Normandy is Fine and Fair

Today I did a non-conservation thing and went to Dieppe, in Normandy, to see the English Channel.  To be more precise, Dieppe is up upper Normandy, Haute-Normandie.  Ten points to whoever starts singing the next phrase of the title (Mark, Mercedes, Beth, here's looking at you).  And here is our handy Map of France!  Again!

I am now acquainted with almost every single train station in Paris: Gare du Nord, Gard de l'Est, Gare de Lyon, and Gare Saint-Lazare.  There are a few, maybe two, other train stations I have not yet visited.  Each one serves the trains headed in different directions.  Gare du Nord, for example, handles the trains to and from areas north of Paris (like the Netherlands).  The images below are from Gare Saint-Lazare, the train station that deals with Normandy and England.
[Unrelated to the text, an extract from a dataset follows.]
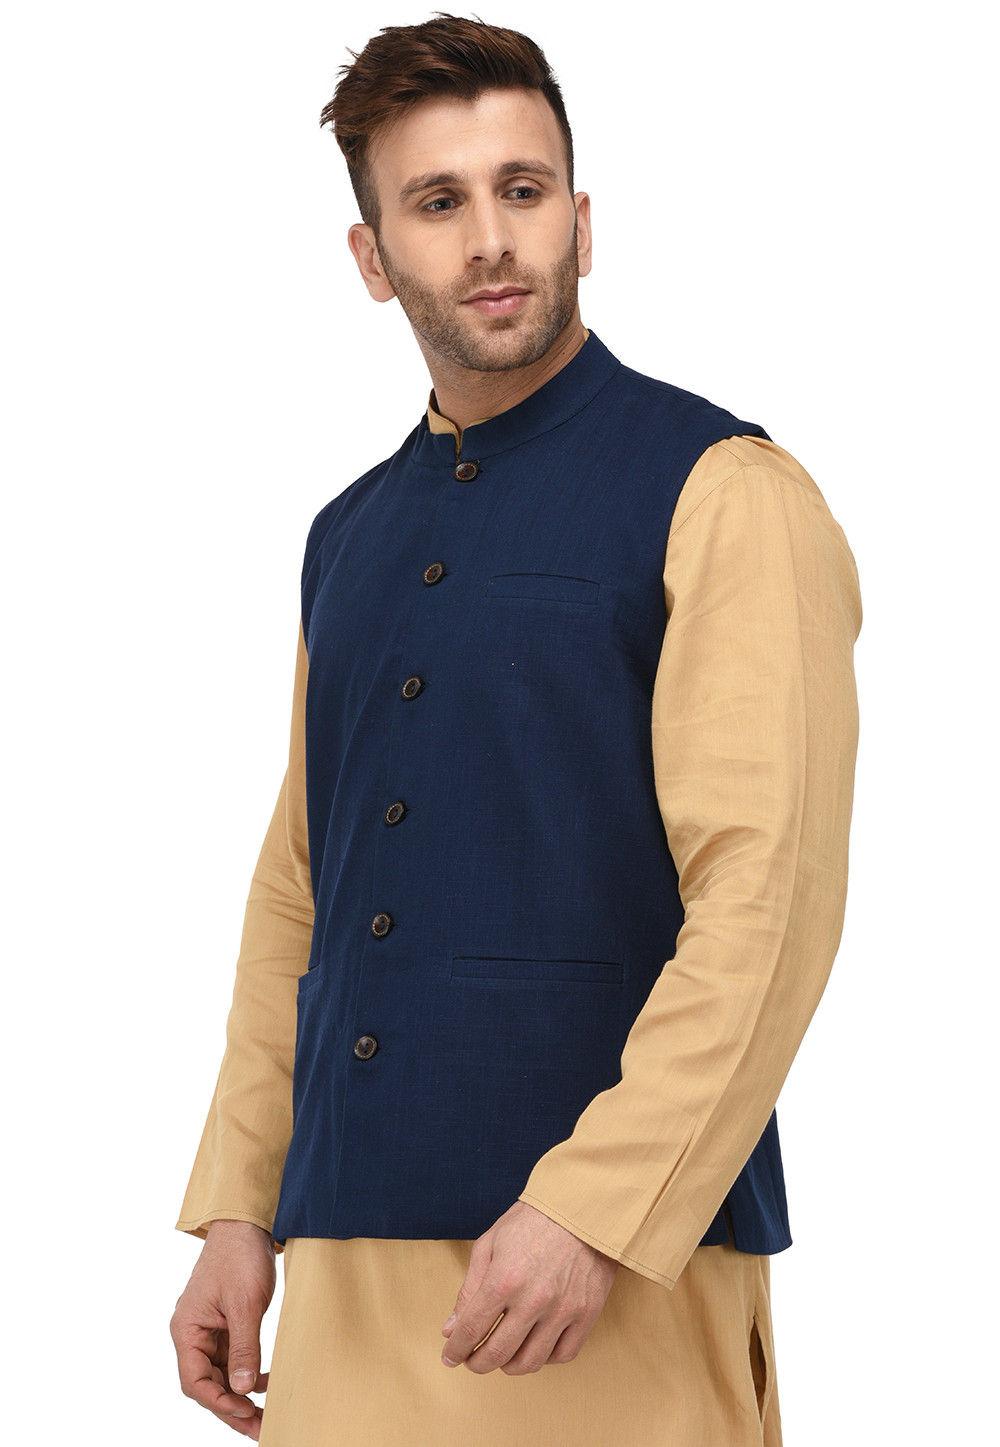 Plain Cotton Slub Nehru Jacket in Navy Blue : MGZ3
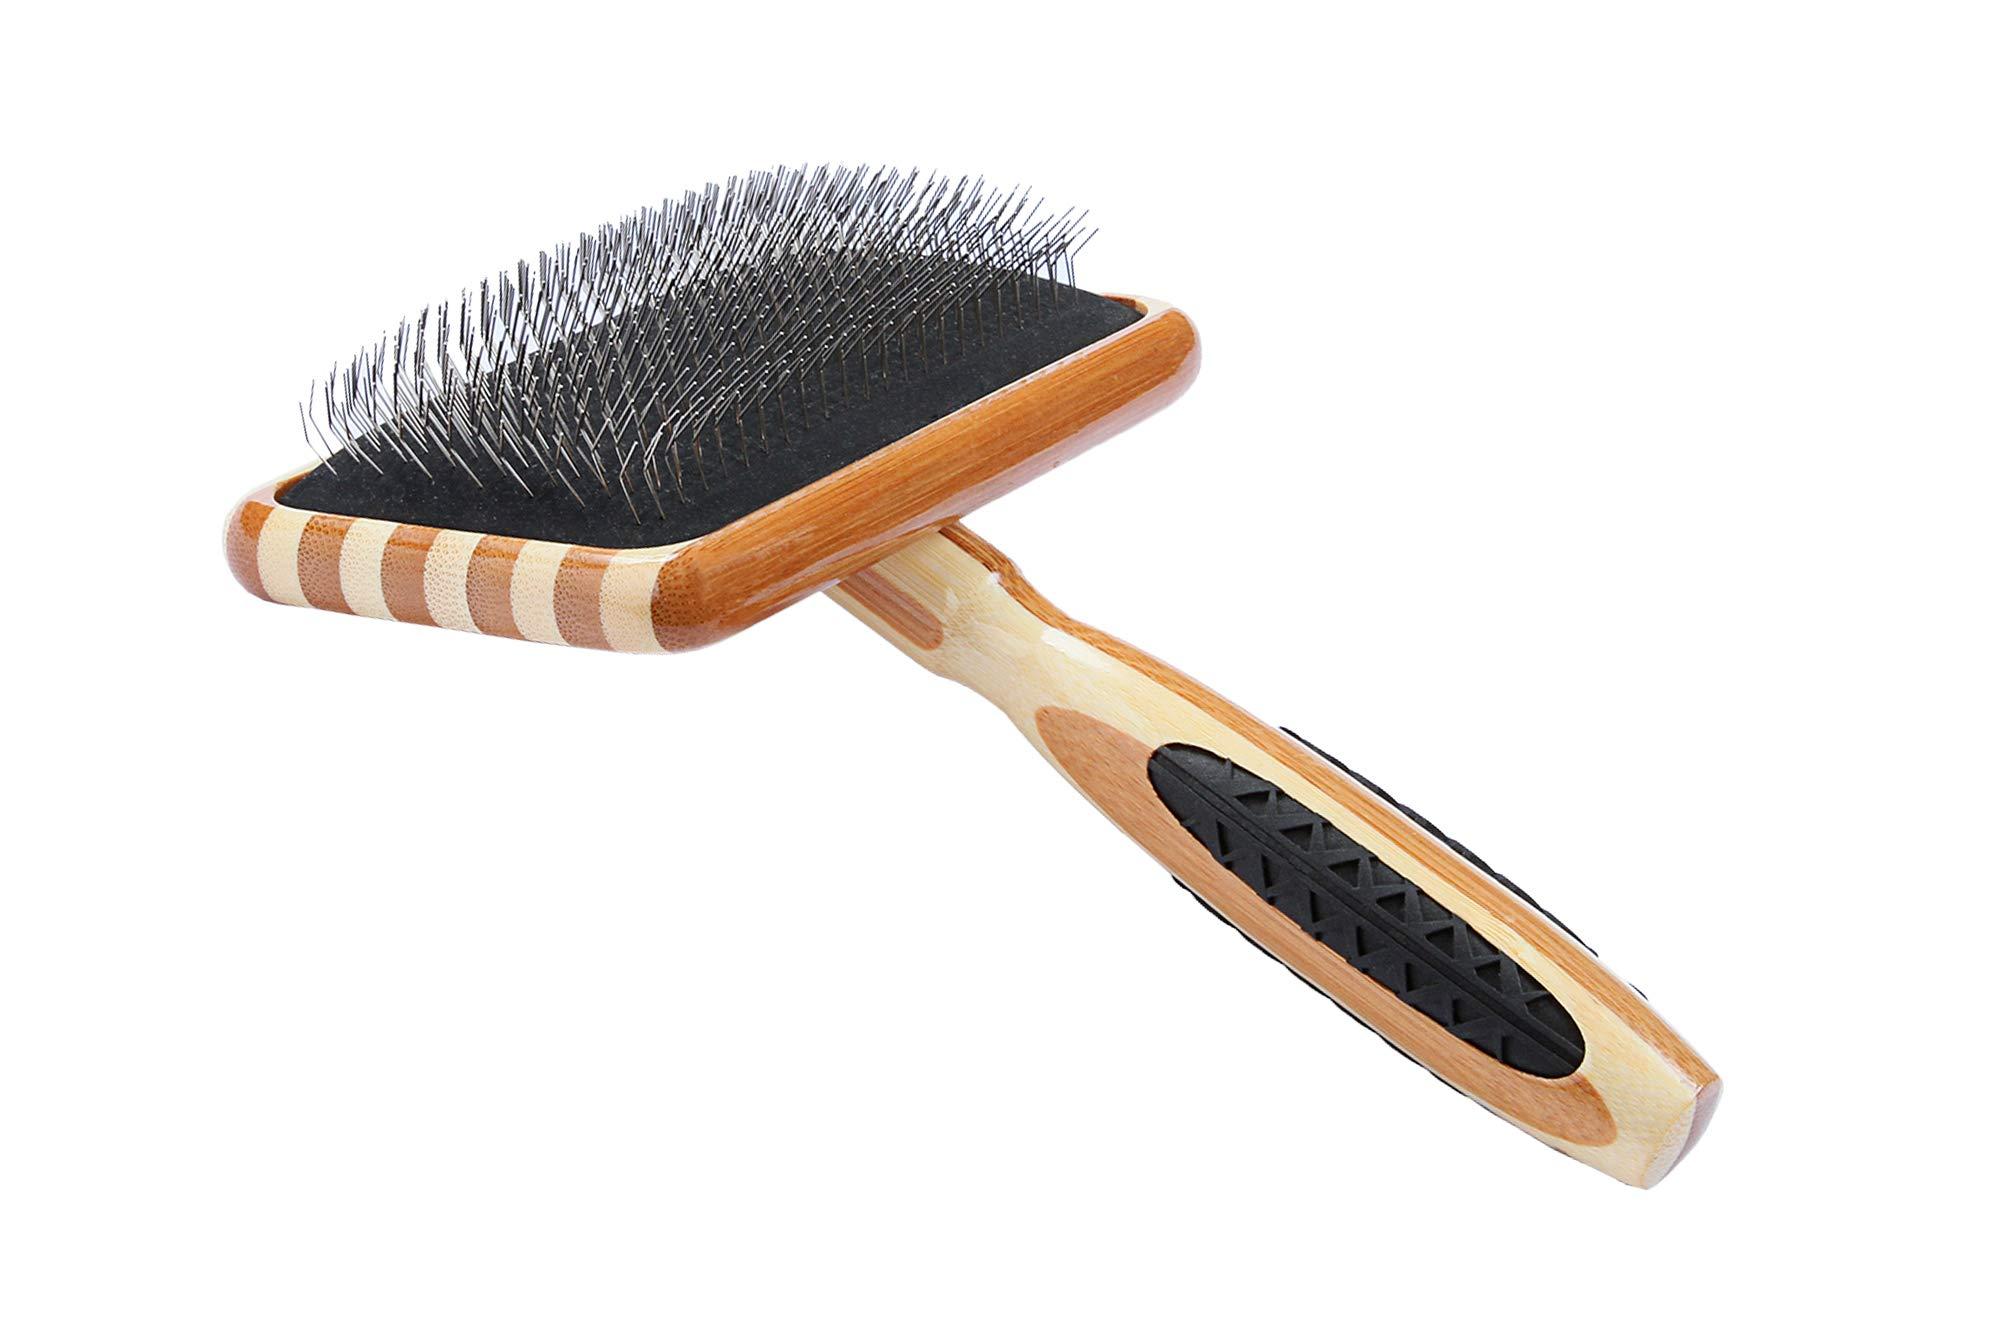 Bass Brushes | De-Matting Pet Brush Alloy Pin | Pure Bamboo Handle | Slicker Style | Stripped Finish | Model A19-SB

So, I went to Dieppe to see the sea and the cliffs, and I was not disappointed.

I had never been to a 'beach' made out of rocks before!  Very exciting!  It was just a difficult to walk on as a beach of sand, perhaps a little more difficult, but there was the added bonus of not getting any sand in your shoes.  All-in-all I think I like rocky beaches better.

Rat of the Sea.

The cliffs at Dieppe are the other half of a set made by the cliffs at Dover.  Made up of white chalk, they are apparently quite fragile.  There were large chunks of chalk scattered among the rocks on the coast nearest them, and there were signs everywhere to inform visitors of their instability.  For a moment, I almost took a giant lump of chalk with me, but I quickly realized that this was crazy.  I did pick up a few smaller rocks (two only) for Dad.  He likes rocks.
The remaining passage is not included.